- Episode no.: Season 2 Episode 10
- Directed by: Adam Kane
- Written by: Jesse Alexander
- Production code: 210
- Original air date: November 26, 2007

Guest appearances
- Joanna Cassidy as Victoria Pratt; Ashley Crow as Sandra Bennet; Nicholas D'Agosto as West Rosen; Shalim Ortiz as Alejandro Herrera; Jaime Ray Newman as Young Victoria Pratt; Eijiro Ozaki as Young Kaito Nakamura; Adair Tishler as Molly Walker; Cory Hardrict as Hype Wilson; Katie Carr as Caitlin; Nichelle Nichols as Nana Dawson; Stephen Tobolowsky as Bob Bishop; Randall Bentley as Lyle Bennet; Carlon Jeffery as Damon Dawson;

Episode chronology
| ← Previous "Cautionary Tales" | Next → "Powerless" |
- Heroes season 2

= Truth & Consequences =

"Truth & Consequences" is the tenth and penultimate episode of the second season of the NBC superhero drama series Heroes. It aired on November 26, 2007. On its initial airing, it received 11.89 million viewers.

==Plot==
Peter Petrelli and Adam Monroe track down Victoria Pratt (Joanna Cassidy) in Searsmont, Maine, to learn the location of the Shanti virus.

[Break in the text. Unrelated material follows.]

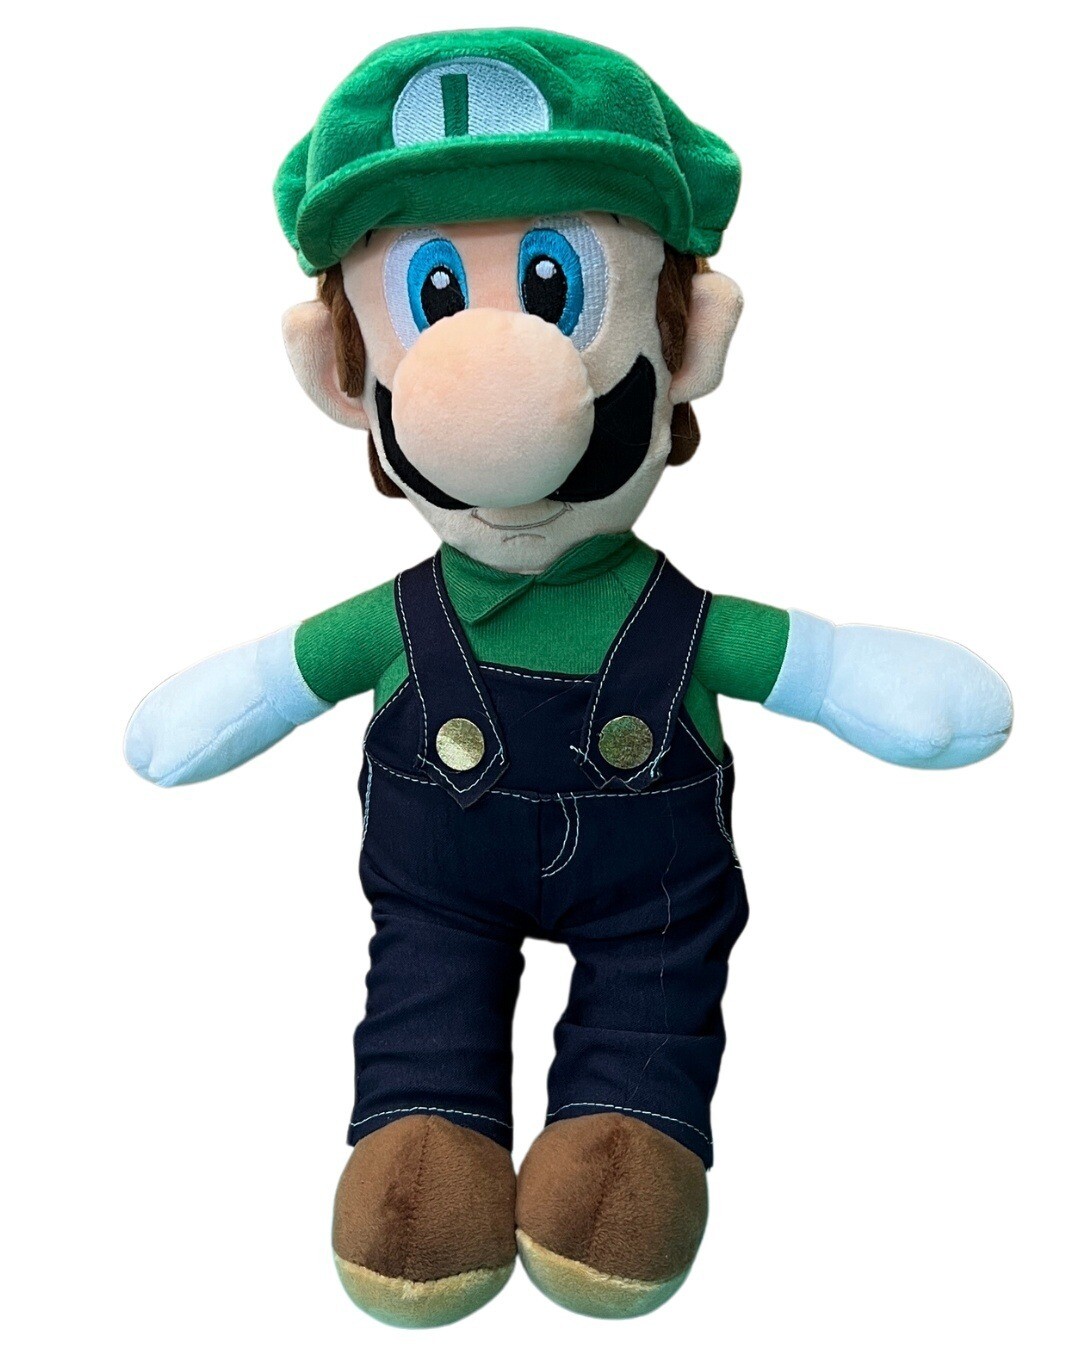 Peluche de Luigi- Colección Super Mario Bros

When she sees Peter is working with Adam, she shoots them both and prepares to decapitate Adam, until Peter knocks her out. Once she is conscious, Peter reads her mind and discovers the virus is in Odessa, Texas. Pratt tries to shoot Peter, but Adam reacts and kills her.

Claire Bennet and her family are greeted by Bob, who gives them what he claims are the ashes of Noah Bennet. Bob assigns his daughter, Elle, to watch Claire. Claire confronts Elle and threatens to blow the whistle about the Company.

Bob and Mohinder Suresh argue over the use of Claire's blood to revive Noah. Claire's blood reinforces the antibodies in Mohinder's blood, making the cure for the virus viable again. Mohinder then insists that Bob assists him in destroying all variations of the virus.

Niki Sanders returns to New Orleans and tells her son, Micah that she is infected with a virus. Seeking comfort, Micah goes to get D.L.'s medal, but discovers that his cousin stole it in an attempt to sell Micah's expensive comics. He ended up getting jumped and lost all of Micah's expensive possessions.

Later, Monica wakes Micah and the two attempt to recover it, but Monica is kidnapped by the gang that it was passed on to.

Maya Herrera and Sylar are bonding over a picnic in a park. Maya manages to control her ability successfully when Sylar deliberately goads her in attempt to help her.

Alejandro is reading a newspaper clipping about Sylar's murder of his mother, and protests Maya's wish to see Mohinder with Sylar.

Alejandro later attacks Sylar, but Sylar uses a knife to kill him. He hides this from Maya, and the two kiss.

Hiro Nakamura informs Ando that the man that killed his father was Takezo Kensei and the two research Kaito's files to learn about Kensei's identity of Adam Monroe and his detention in 1977. Hiro then vows to avenge his father's murder.

At the end of the episode, Sylar reaches New York with Maya, and phones Mohinder, who is en route to New Orleans, with the cure to the virus. Sylar tells Mohinder that he has Molly, and won't leave her until Mohinder sees Maya.

Moments after Peter and Adam arrive at Primatech, Hiro arrives, stops time and charges at Peter, trying to attack Adam.

==Critical reception==
In the 18-49 demographic, "Truth & Consequences" earned a 5.3/12 ratings share. The episode was watched by 11.90 million viewers.

Sean O'Neal of The A.V. Club gave the episode a B−.

Robert Canning of IGN commented that, while overloading the episodes was one of his major complaints, the episode was a "halfway decent" setup for "Powerless", the plot itself were "engaging" and that Quinto "shined" in the episode, and scored the episode 7.4 out of 10.

Television Without Pity gave the episode an A rating.